Expression data from MTDH knockdown in the Hec50co endometrial cancer cell line

Understanding the molecular underpinnings of chemoresistance is vital to design therapies to restore chemosensitivity. In particular, metadherin (MTDH) has been demonstrated to have a critical role in chemoresistance. Over-expression of MTDH has recently been implicated in poor clinical outcome in breast cancer, neroblastoma, hepatocellular carcinoma and prostate cancer. In this present study, we focused on the therapeutic benefit of MTDH depletion to restore sensitivity to cell death mediated by a combinatorial therapy of tumor necrosis factor-alpha-related apoptosis-inducing ligand (TRAIL), which promotes death of cancerous cells of the human reproductive tract, and histone deacetylase (HDAC) inhibitors, which have been shown to increase sensitivity of cancer cells to TRAIL-induced apoptosis. Our data indicate that depletion of MTDH in endometrial cancer cells results in sensitization of cells that were previously resistant to cell death mediated by combinatorial treatment with TRAIL and HDAC inhibitor LBH589. MTDH was found to be involved in G2/M checkpoint regulation in response to LBH589 alone or LBH589 in combination with TRAIL, suggesting that MTDH functions at the cell cycle checkpoint to accomplish resistance.Using microarray technology, we identified 57 downstream target genes of MTDH, including Calbindin 1 and Galectin 1, which may contribute to MTDH-mediated resistance to combinatorial TRAIL and HDAC inhibitor targeted therapy. Inhibition of PDK1,AKT phosphorylation and increase Bim expression and XIAP degradation may result in sensitivity to cell death induction in MTDH depleted Hec50co cells by TRAIL and LBH 589 combination treatment. These findings indicate that depletion of MTDH is a potentially novel avenue for effective cancer therapy. The microarray was performed on three biological triplicates as well as three experimental triplictes of stable knockdown and control cells. MTDH was knocked down using a shRNA.
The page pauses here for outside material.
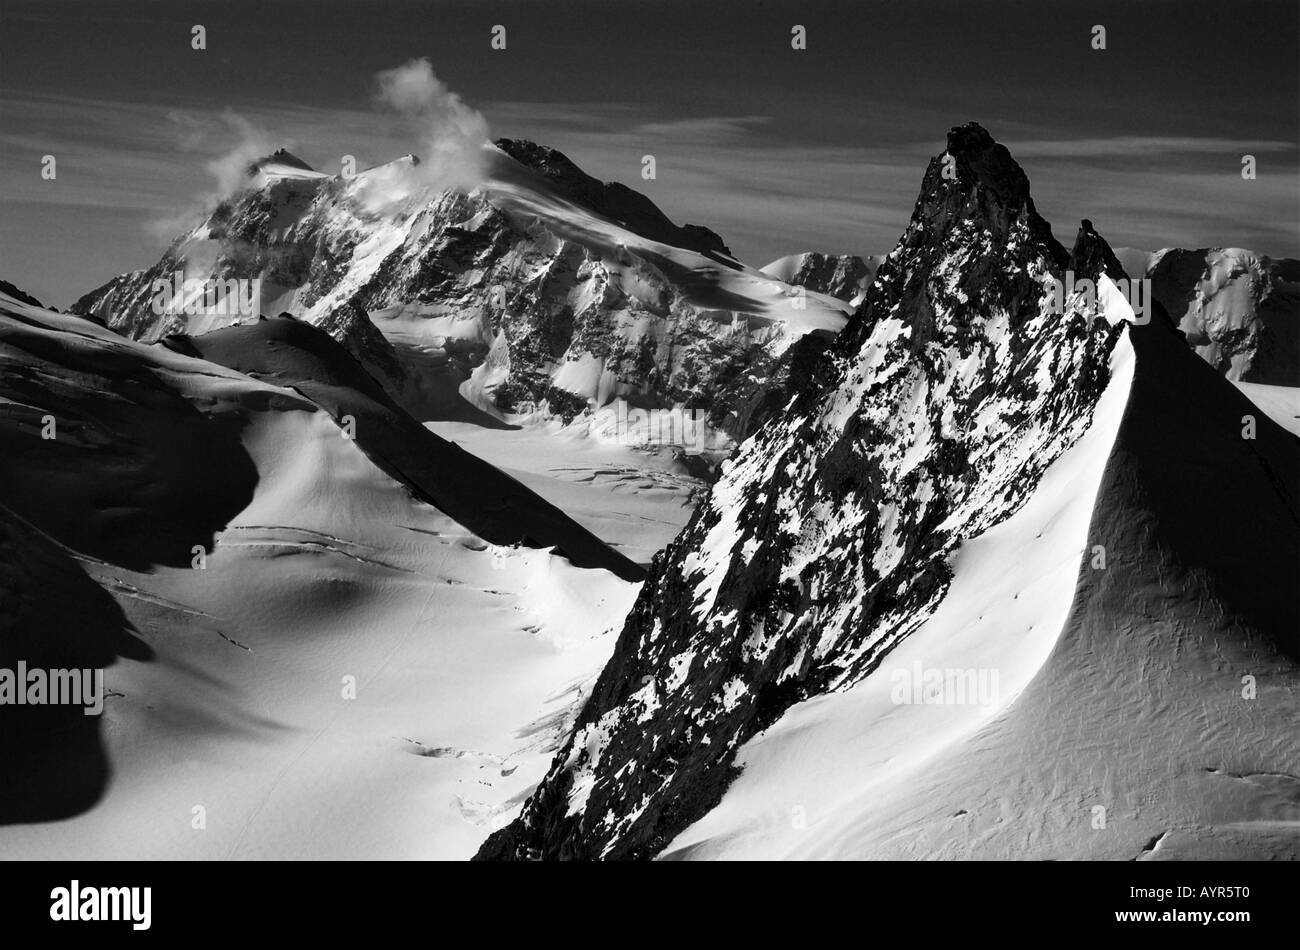 La cumbre del bloque Rimpfischorn y Monte Rosa, visto desde la parte superior de la Allalinhorn en los Alpes de Valais, Suiza Foto de stock

阐明化疗耐药的分子机制，对于开发恢复化疗敏感性的治疗策略至关重要。其中，元黏附蛋白（metadherin, MTDH）已被证实对化疗耐药发挥关键调控作用。近期研究发现，MTDH过表达与乳腺癌、神经母细胞瘤、肝细胞癌及前列腺癌的不良临床结局相关。本研究聚焦于敲低MTDH以恢复细胞死亡敏感性的治疗价值，该策略针对的是肿瘤坏死因子α相关凋亡诱导配体（tumor necrosis factor-alpha-related apoptosis-inducing ligand, TRAIL）与组蛋白去乙酰化酶（histone deacetylase, HDAC）抑制剂的联合疗法：TRAIL可诱导人类生殖道癌细胞死亡，而HDAC抑制剂已被证实可增强癌细胞对TRAIL诱导凋亡的敏感性。本研究数据显示，在子宫内膜癌细胞中敲低MTDH，可使原本对TRAIL与HDAC抑制剂LBH589联合治疗诱导的细胞死亡产生耐药的细胞恢复敏感性。研究发现，MTDH参与了单独使用LBH589或LBH589联合TRAIL处理时的G2/M细胞周期检查点调控，提示MTDH通过作用于细胞周期检查点介导耐药性的产生。本研究通过微阵列技术（microarray technology）鉴定出57个MTDH的下游靶基因，其中包括钙结合蛋白1（Calbindin 1）和半乳糖凝集素1（Galectin 1），这些基因可能参与了MTDH介导的对TRAIL与HDAC抑制剂联合靶向治疗的耐药过程。抑制磷酸肌醇依赖性蛋白激酶1（PDK1）、蛋白激酶B（AKT）、Bcl-2相互作用蛋白（Bim）并促进X连锁凋亡抑制蛋白（XIAP）降解，可使MTDH敲低的Hec50co细胞在TRAIL与LBH589联合治疗下恢复对细胞死亡诱导的敏感性。上述研究结果表明，敲低MTDH有望成为一种全新的有效癌症治疗途径。本研究的微阵列实验设置了3次生物学重复与3次实验重复，分别针对稳定敲低MTDH的细胞及对照细胞。MTDH的敲低通过短发夹RNA（shRNA）实现。